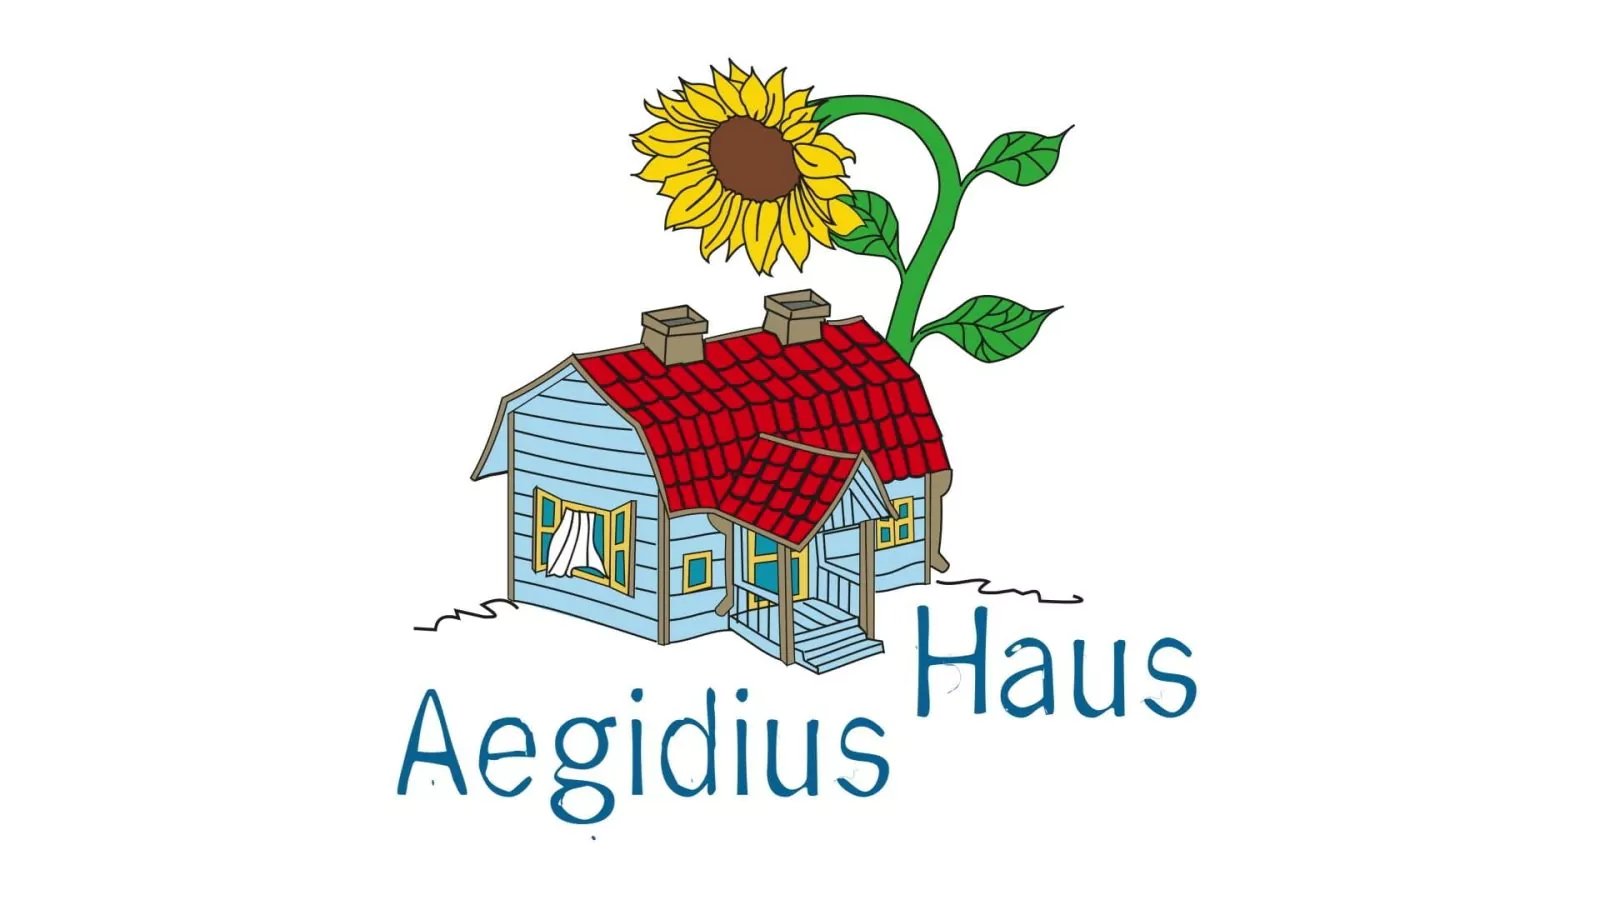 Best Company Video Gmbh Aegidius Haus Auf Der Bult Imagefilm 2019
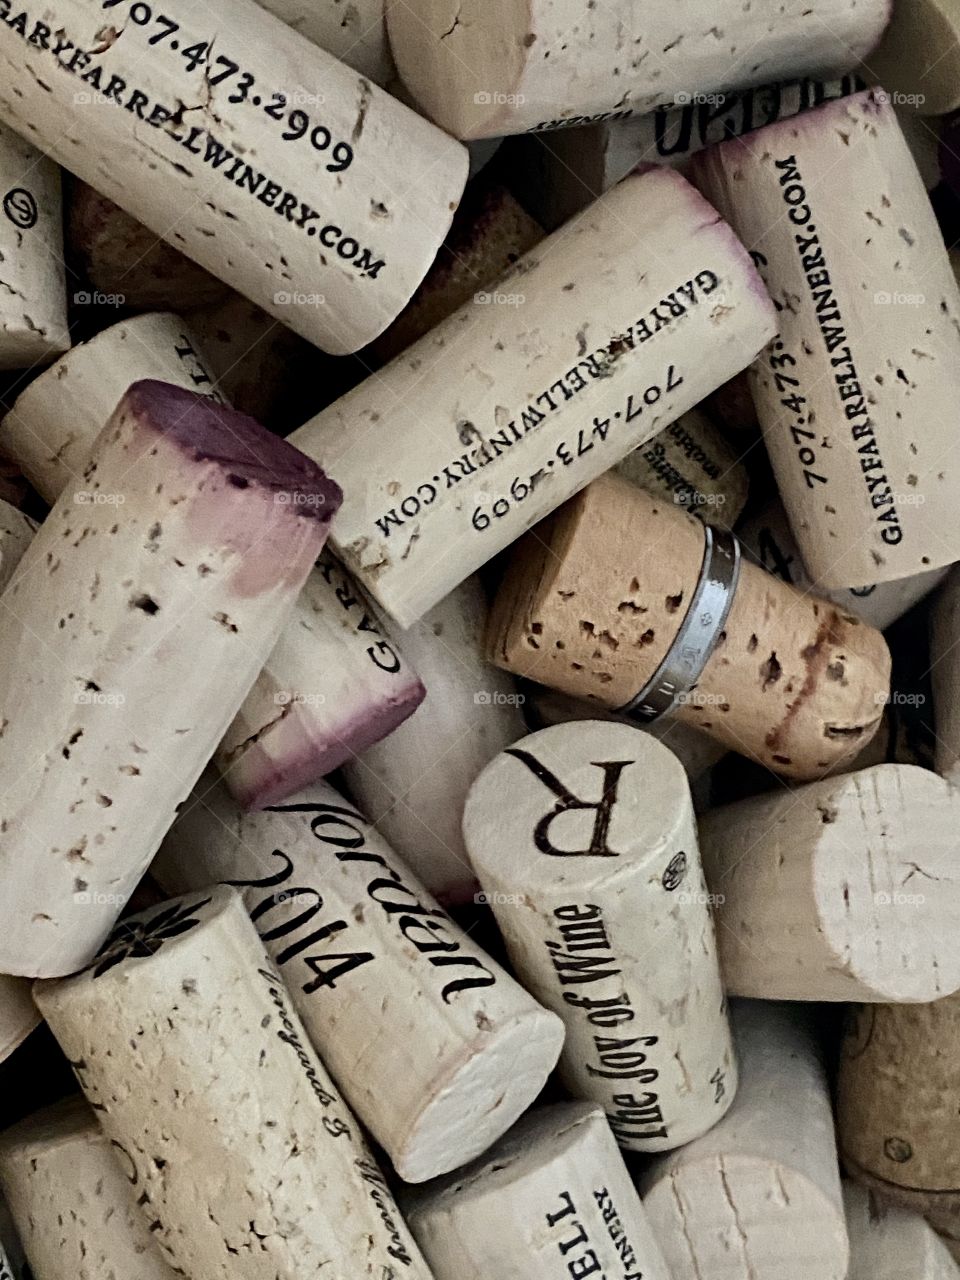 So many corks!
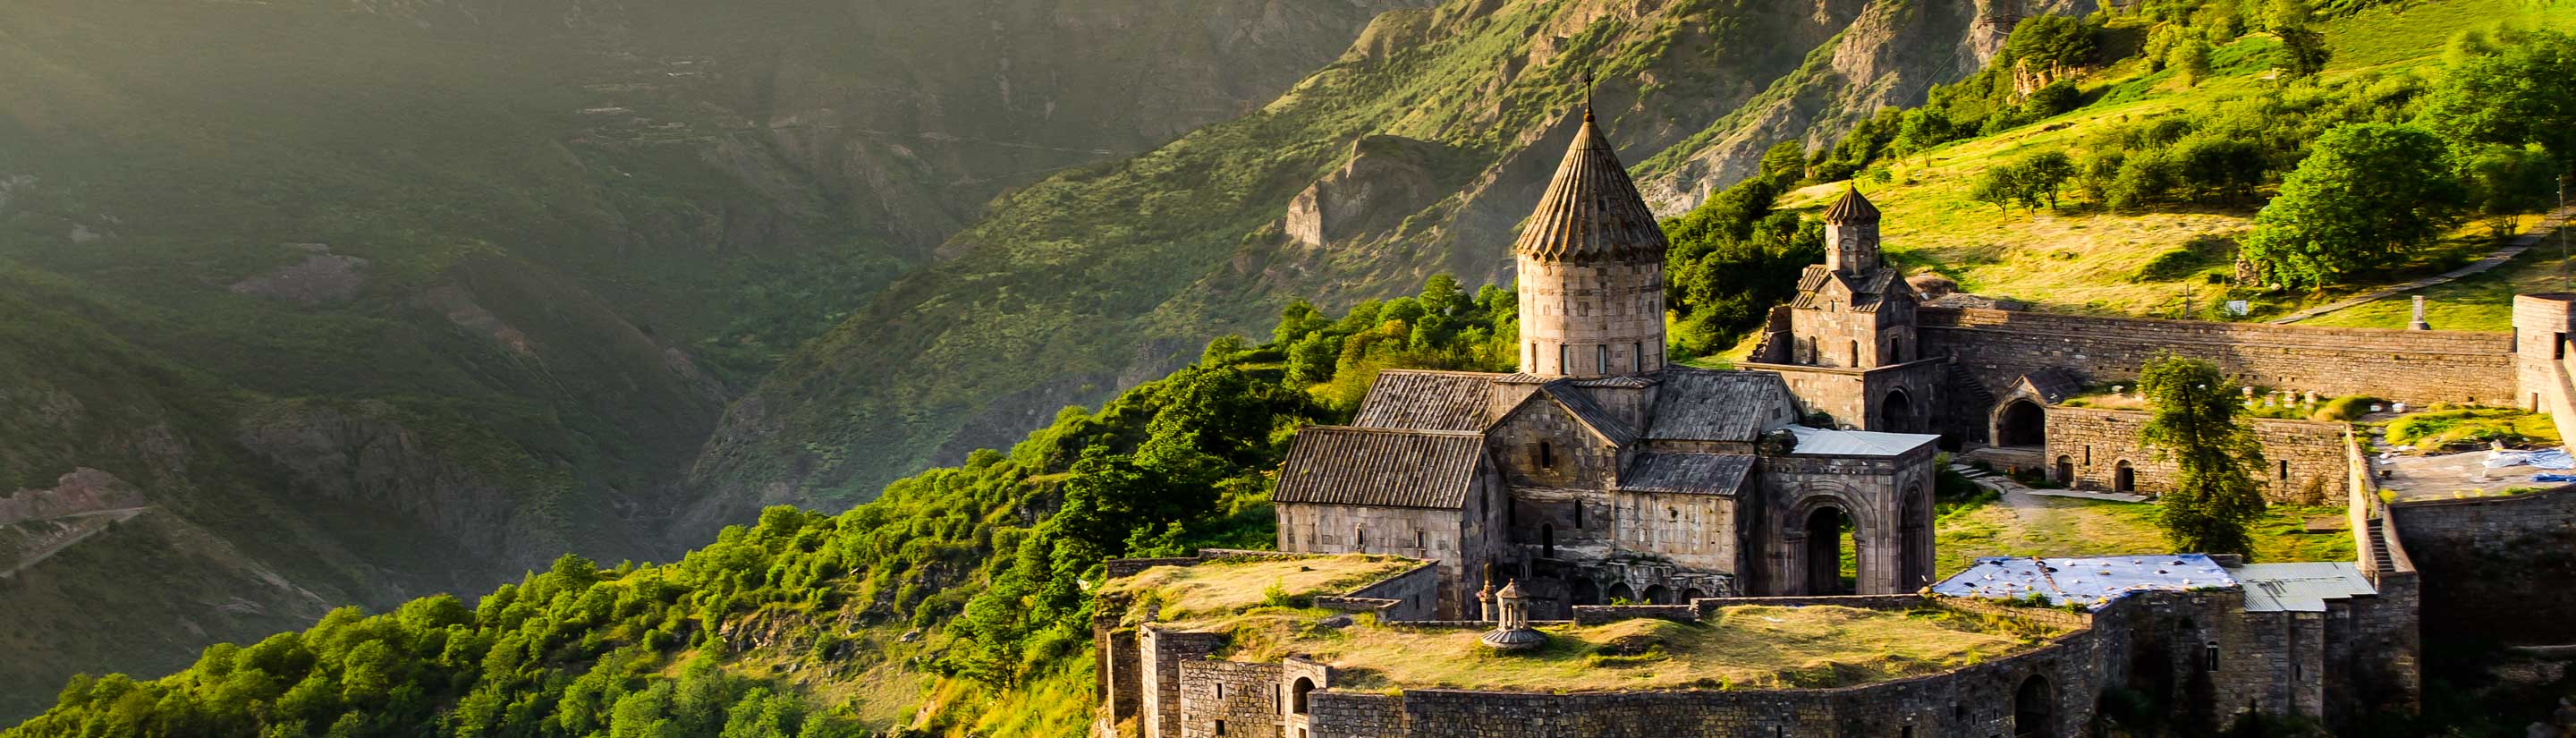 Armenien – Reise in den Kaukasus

→ **Task goal**: When you copy the data above, reproduce each line exactly and skip every image.

→ **Output below**:
 Best Company Video Gmbh Aegidius Haus Auf Der Bult Imagefilm 2019
 So many corks!
 Armenien – Reise in den Kaukasus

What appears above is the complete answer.